__TASK PROMPT__
All of the data below should be printed again exactly, pictures excluded.

__INFORMATION PROVIDED__
--*--

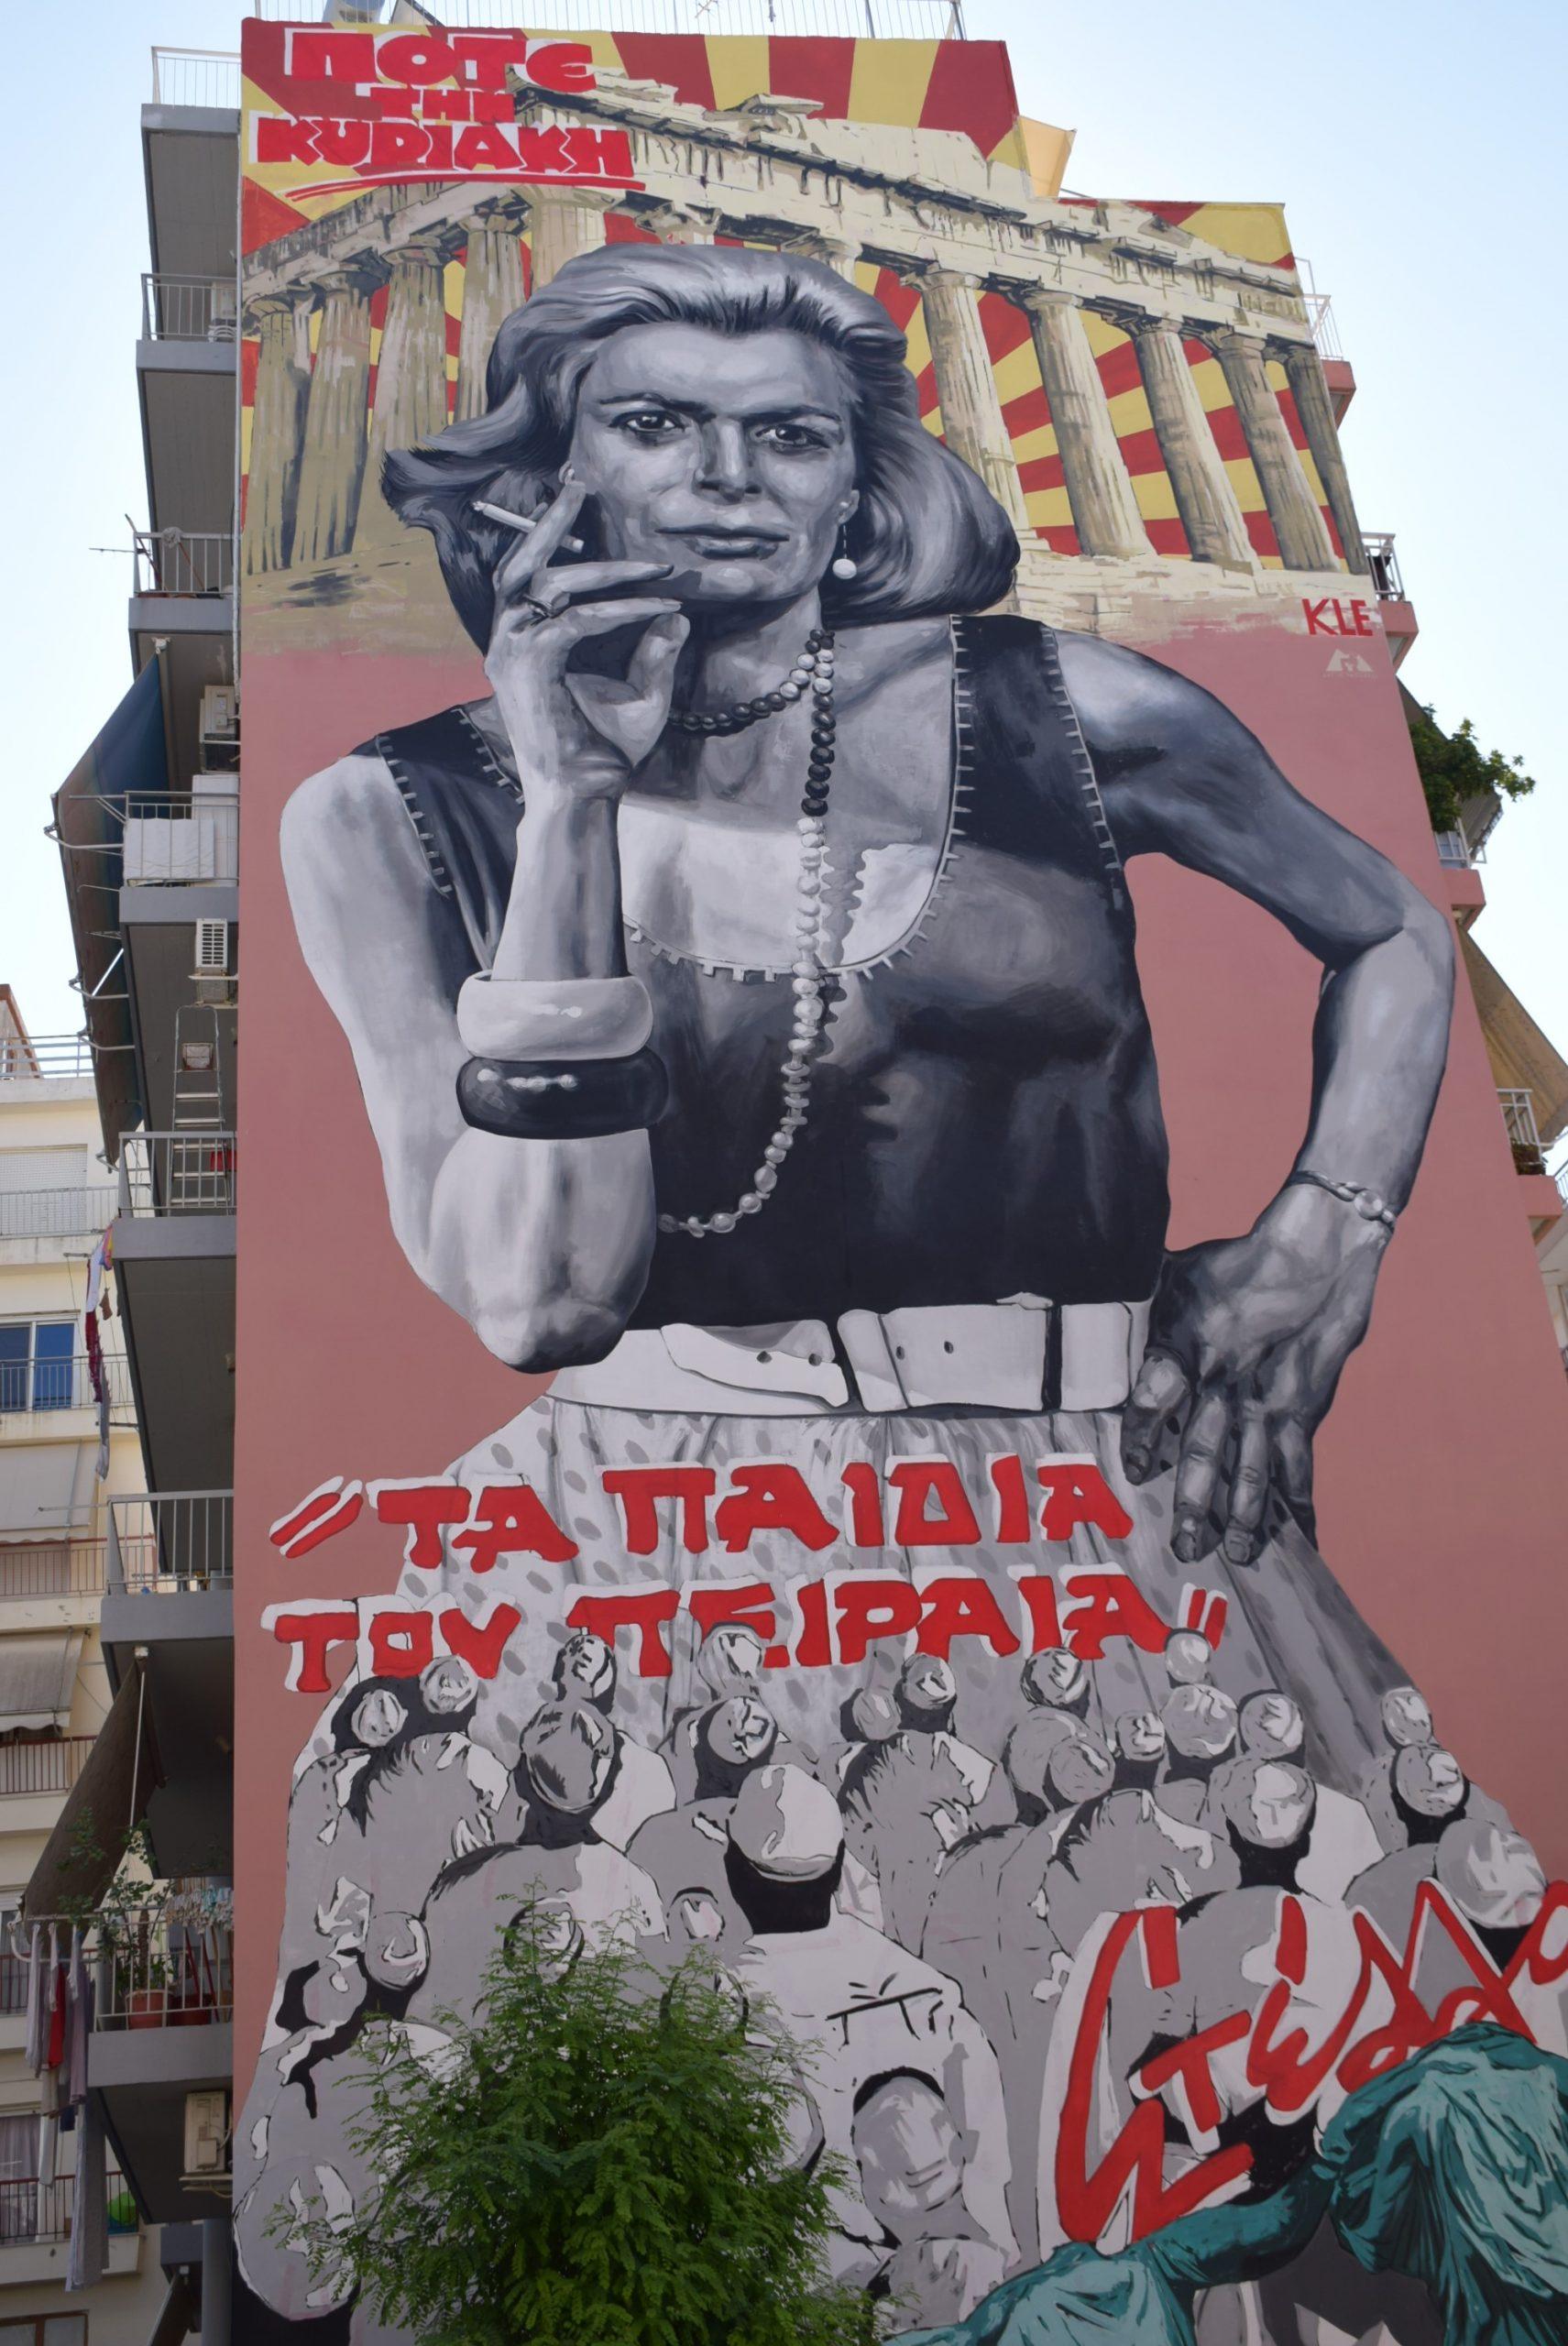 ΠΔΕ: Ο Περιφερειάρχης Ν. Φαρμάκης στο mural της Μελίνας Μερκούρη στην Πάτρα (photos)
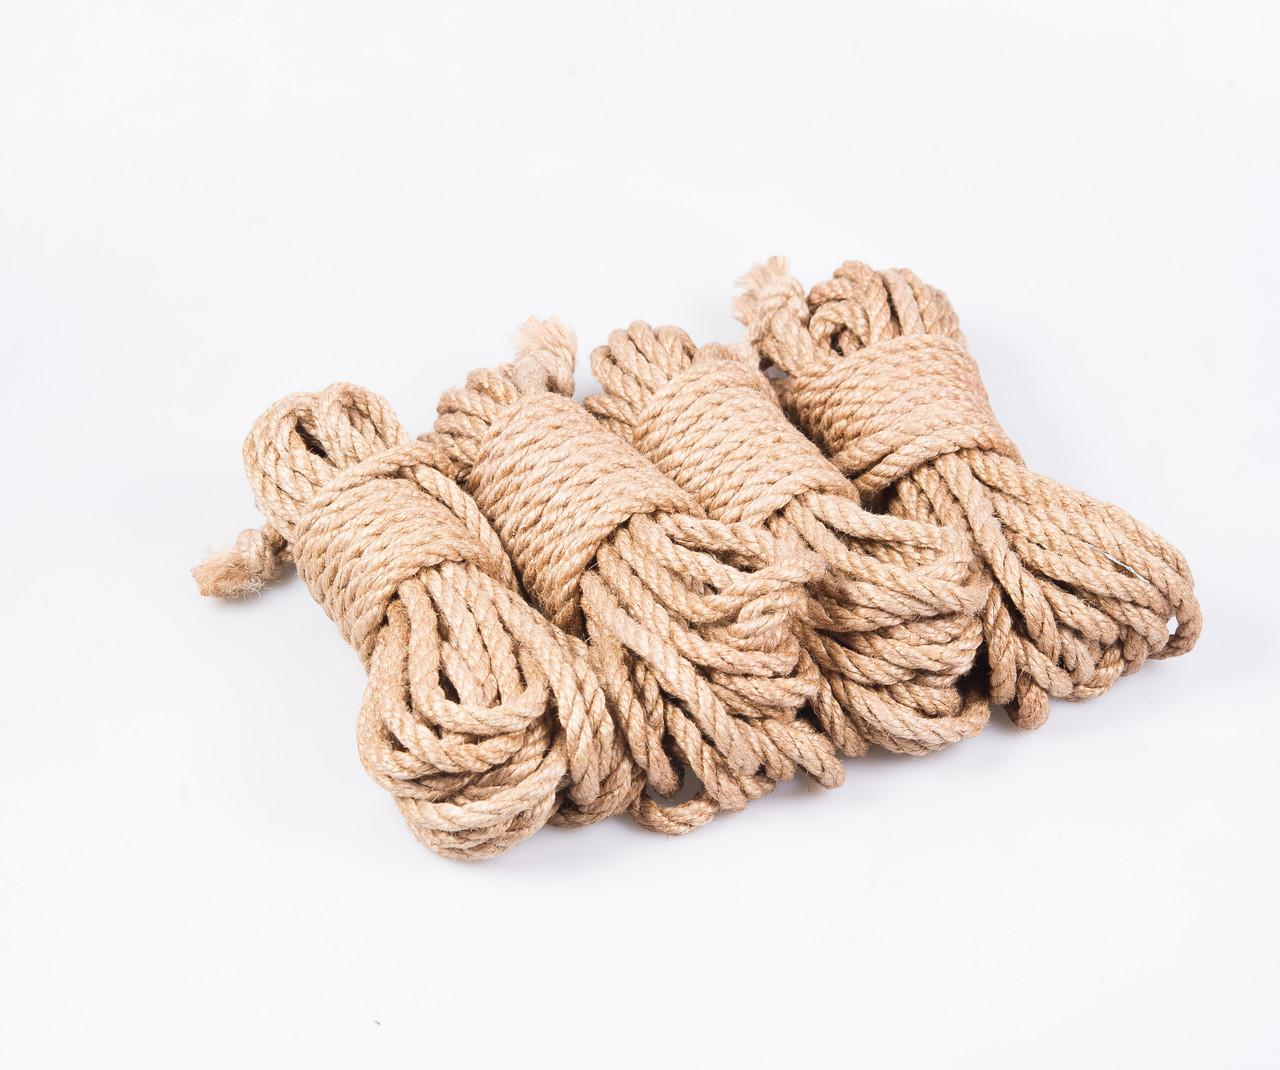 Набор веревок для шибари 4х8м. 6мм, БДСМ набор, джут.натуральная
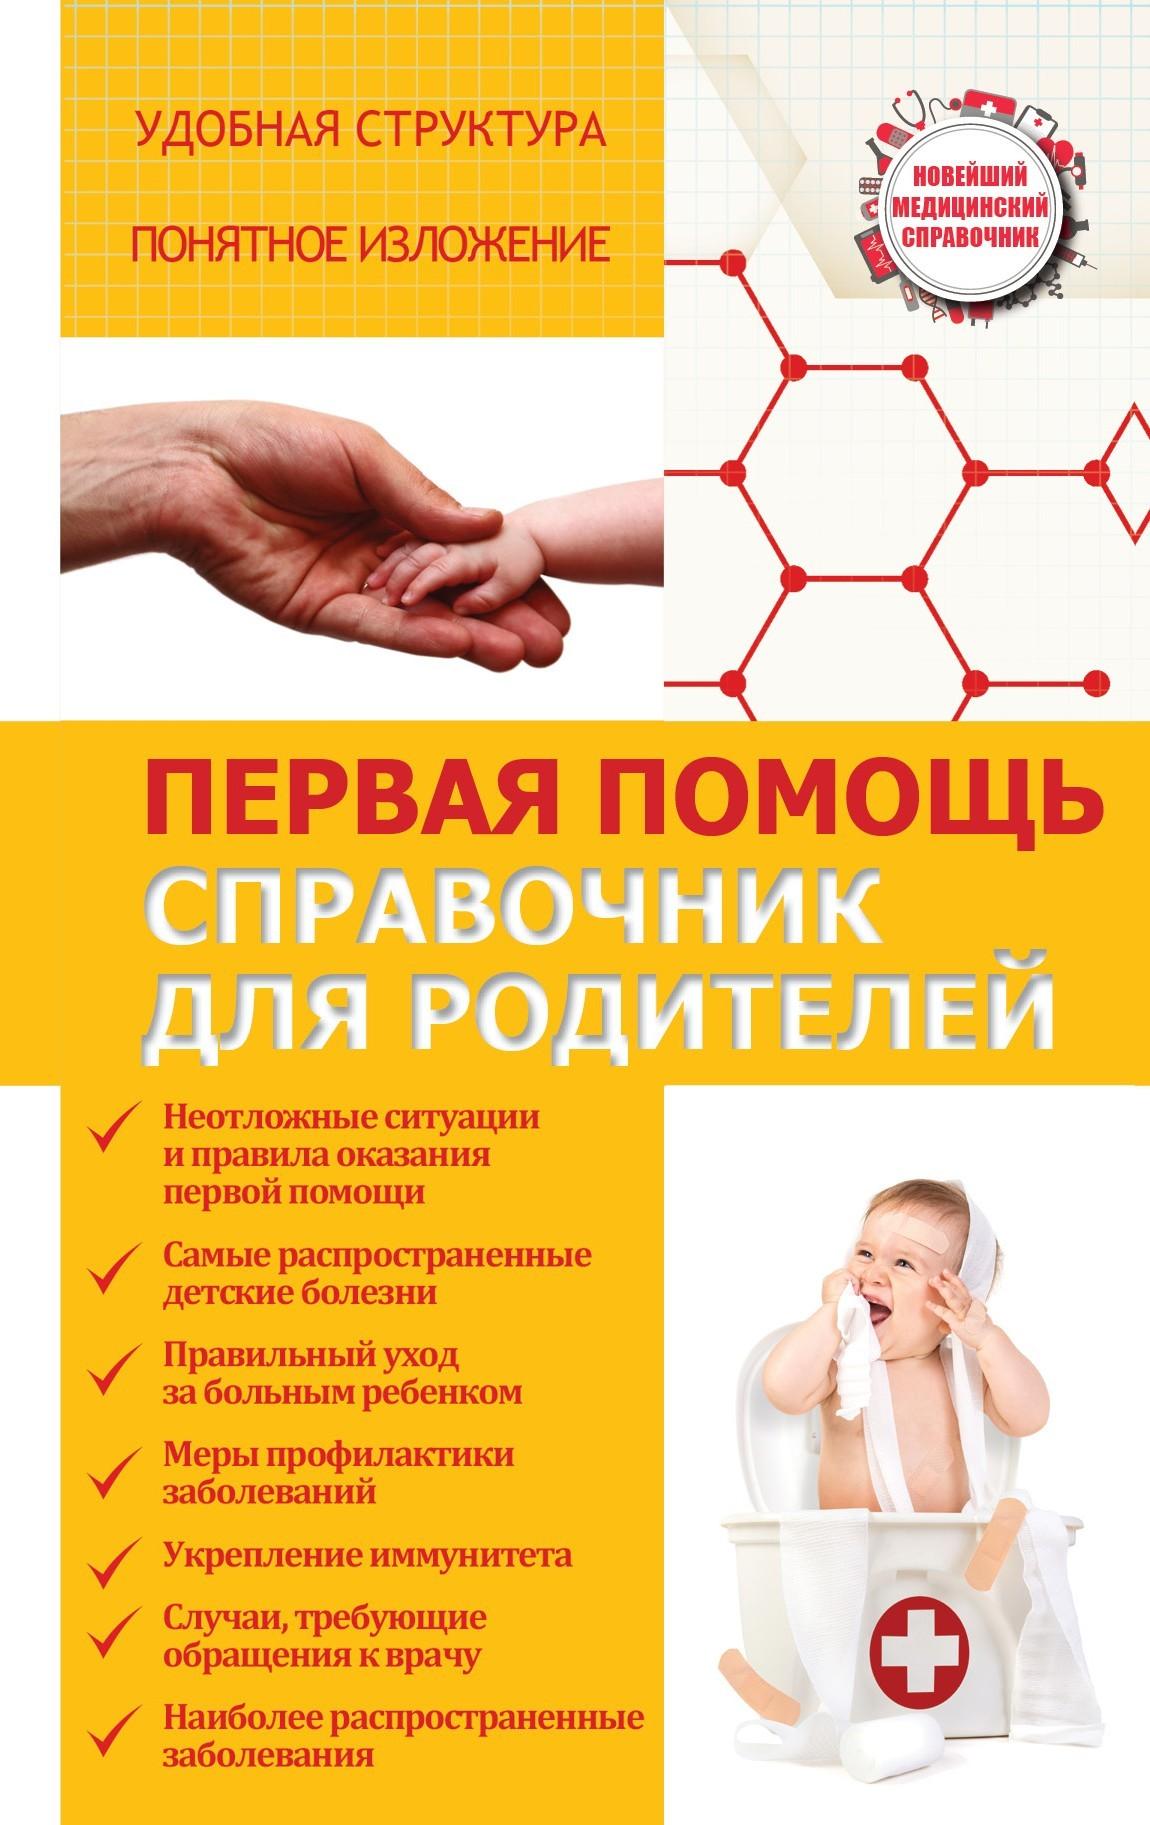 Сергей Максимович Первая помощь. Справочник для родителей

--*--

__RESULT OF THIS TASK__
 ΠΔΕ: Ο Περιφερειάρχης Ν. Φαρμάκης στο mural της Μελίνας Μερκούρη στην Πάτρα (photos)
 Набор веревок для шибари 4х8м. 6мм, БДСМ набор, джут.натуральная
 Сергей Максимович Первая помощь. Справочник для родителей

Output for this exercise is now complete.